◇関西学生野球連盟春季リーグ第2節2回戦 立命大6―5近大(2026年4月12日 甲子園)

 関西学生野球の春季リーグ第2節2回戦が12日に行われ、立命大が近大にサヨナラ勝利を飾って白星発進を決めた。

 今秋ドラフト候補に挙がる最速151キロ左腕の有馬伽久(4年)は、1回4失点で降板。被安打3、4与四球と本調子とは程遠い姿に片山正之監督は「左手人差し指に豆ができ、いい状態になる前に試合を迎えることになった。それでも、うちのエースですから。初戦はエースでいこうと思った」と説明した。

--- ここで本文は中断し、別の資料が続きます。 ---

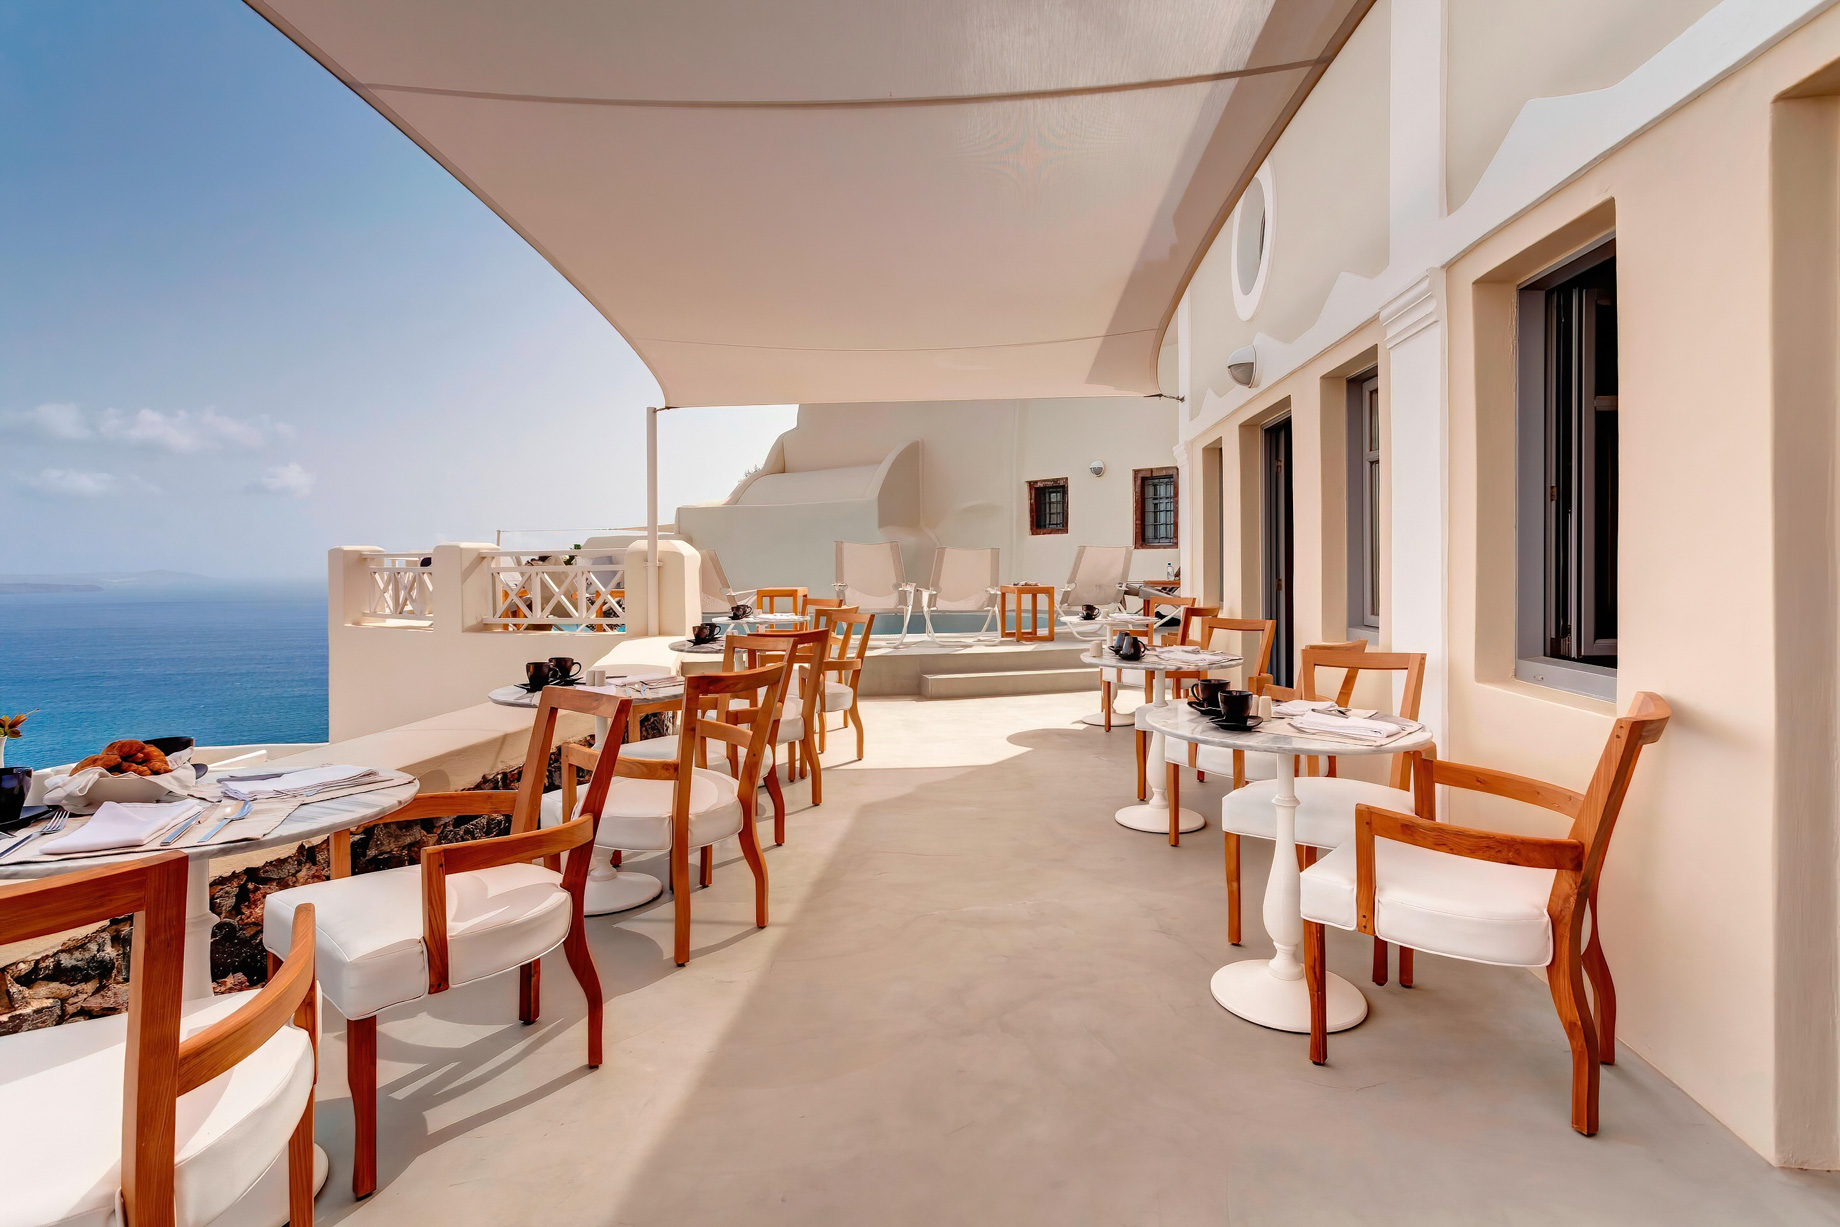 Mystique Hotel Santorini – Oia, Santorini Island, Greece – Captain’s Lounge Terrace
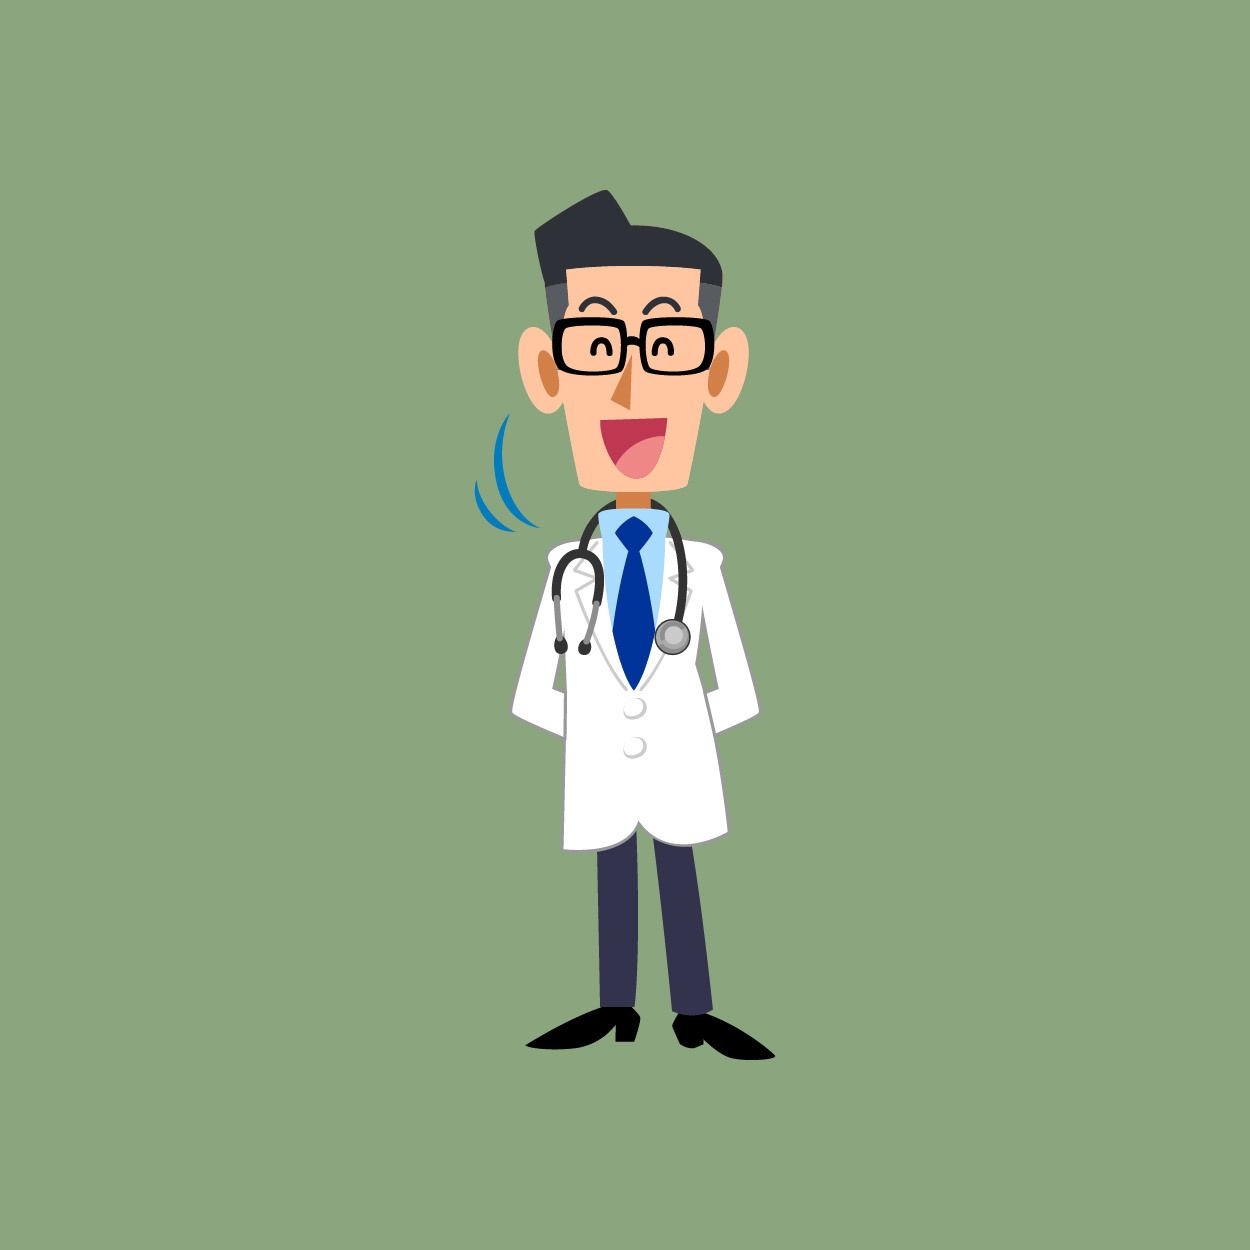 Personaje de dibujos animados de profesión médico sonriente

 今季開幕前に左手指に豆ができ、練習試合では最長5回しか投げられなかった。万全の調整とは言えない状況でも、有馬は「いい準備をしてきたつもり。自分が重圧や緊張感に負けただけ。自分自身の力がなかった」と一切言い訳しなかった。

 相手先発の近大・宮原廉(4年)との今秋ドラフト候補対決に、甲子園にはNPB11球団のスカウトが集結。好投でのアピールとはならずも、春初戦から高い注目度を伺わせた。

 ◇有馬 伽久(ありま・がく)2004年(平16)7月29日生まれ、奈良県田原本町出身の21歳。小1から平野パイレーツで野球を始め、中学は田原本中の軟式野球部に所属。愛工大名電(愛知)では2年秋から背番号1を背負い、甲子園には2年夏と3年夏の2度出場。立命大では1年春にリーグ戦初登板。3年秋の明治神宮大会では大会記録となる10者連続三振を達成。50メートル走6秒3。1メートル75、80キロ。左投げ左打ち。